How to Shave Your Head With a Straight Razor

Straight razors are sharp and shaving your head can be awkward when you are first learning..  If you are not willing to be nicked or cut, then do not attempt to shave your head with a straight razors.

There are many reasons you may want to shave your head with a straight razor.  You may want to save money on cartridge razors.  You may be looking to potentially reduce skin irritation.  You might just do it because you want to do it.  My personal reason is that I tend to shave my head infrequently and other razors just aren’t quite up to the task of shaving long lengths of hair without clogging.  

The Philips Oneblade razors do due a decent job even though they’re not really designed for your head.  However, even those sacrifice a somewhat closeness of shave to be able to handle the longer lengths.  It’s just hard to get a really close shave with a razor that’s based on the same technology as a set of clippers.

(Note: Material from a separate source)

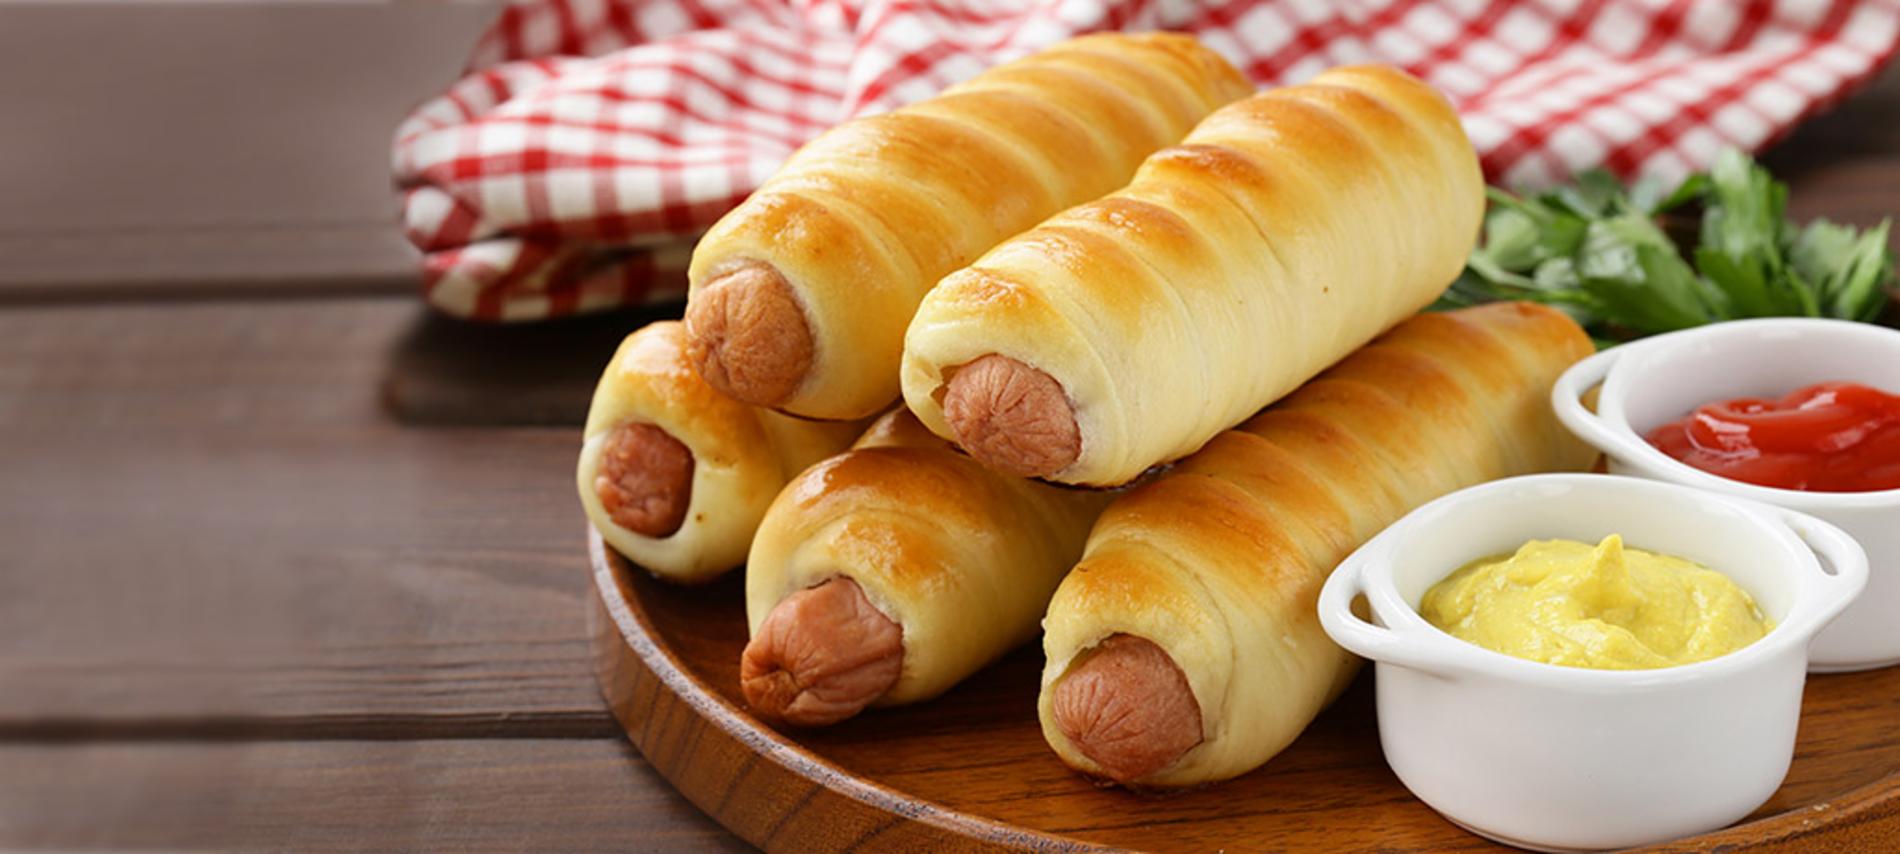 Receta de Rollitos de hot dog

Well, let’s get to it.  I would actually recommend to not start out shaving your head with a straight razor.  I recommend you at least shave your face with one a few times to get a feel for the angles.  Your face provides some nice flat surfaces in the form of your cheeks to make sure you are holding the straight razor at the correct angle and to ensure the razor has a proper edge to cut through your hair.  

Learning to shave your face with a straight razor also allows you to develop the muscle memory in your hands and arms for controlling the straight razor.  This will take away a little bit of the learning curve as you’ll only have to focus on learning how to shave the curves of your head as opposed to learning how to shave the curves of your head AND how to shave with a straight razor at the same time.

Your face also provides you with curved areas to practice on.  The jawline is a perfect analogue for learning how to adjust the angle of ths straight razor while it goes over the curve to keep it shaving the hair while at the same time avoiding cutting or nicking yourself.  If you look at your head there are many curved areas of it.  Knowing how to adjust the angle of the straight razor as the contour of your head or face changes is vital to shaving yourself with getting nicks or cuts.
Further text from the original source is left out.